• DATASET:
^^^^^^^^

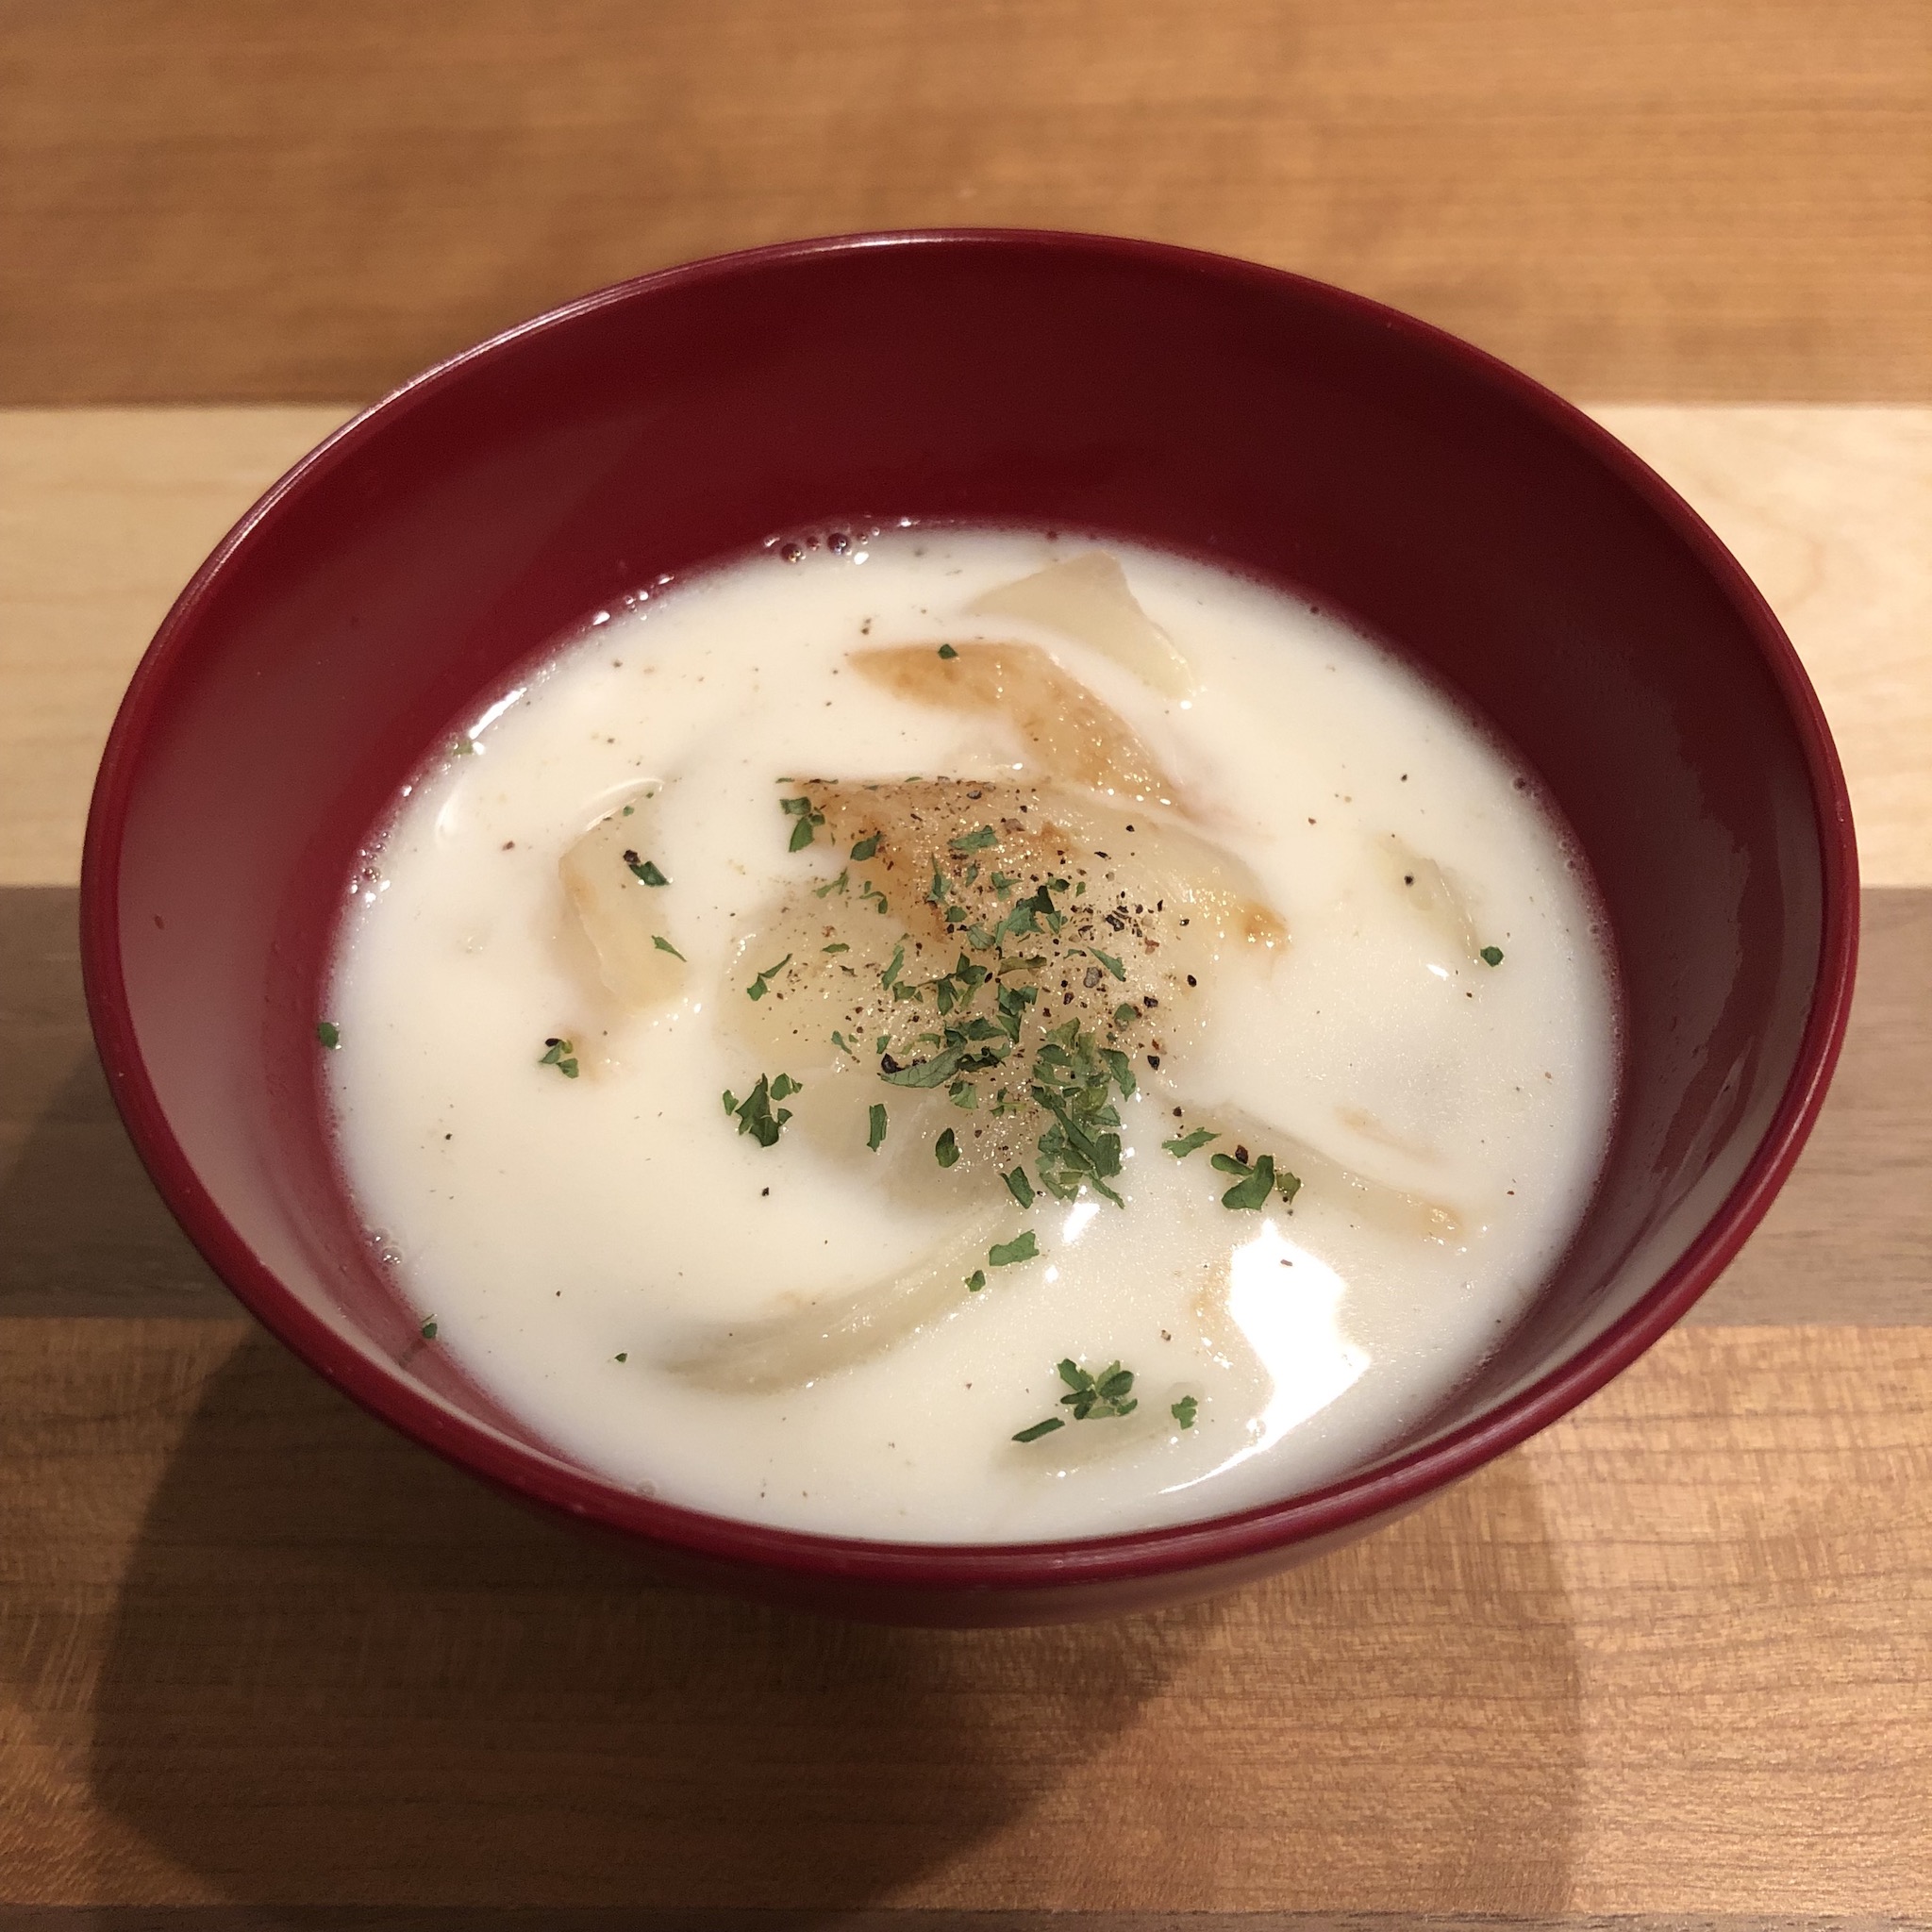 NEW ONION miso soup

^^^^^^^^

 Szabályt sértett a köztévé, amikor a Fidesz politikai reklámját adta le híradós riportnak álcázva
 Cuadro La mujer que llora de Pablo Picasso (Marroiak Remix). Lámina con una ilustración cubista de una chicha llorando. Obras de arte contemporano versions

^^^^^^^^

• WHAT THE TASK ASKS: Of all the entries above, output exactly the lines between the one holding "Szabályt sértett a" and the one holding "Cuadro La mujer", inclusive.

• SOLUTION FOR THIS PROBLEM:
 Szabályt sértett a köztévé, amikor a Fidesz politikai reklámját adta le híradós riportnak álcázva
 Cuadro La mujer que llora de Pablo Picasso (Marroiak Remix). Lámina con una ilustración cubista de una chicha llorando. Obras de arte contemporano versions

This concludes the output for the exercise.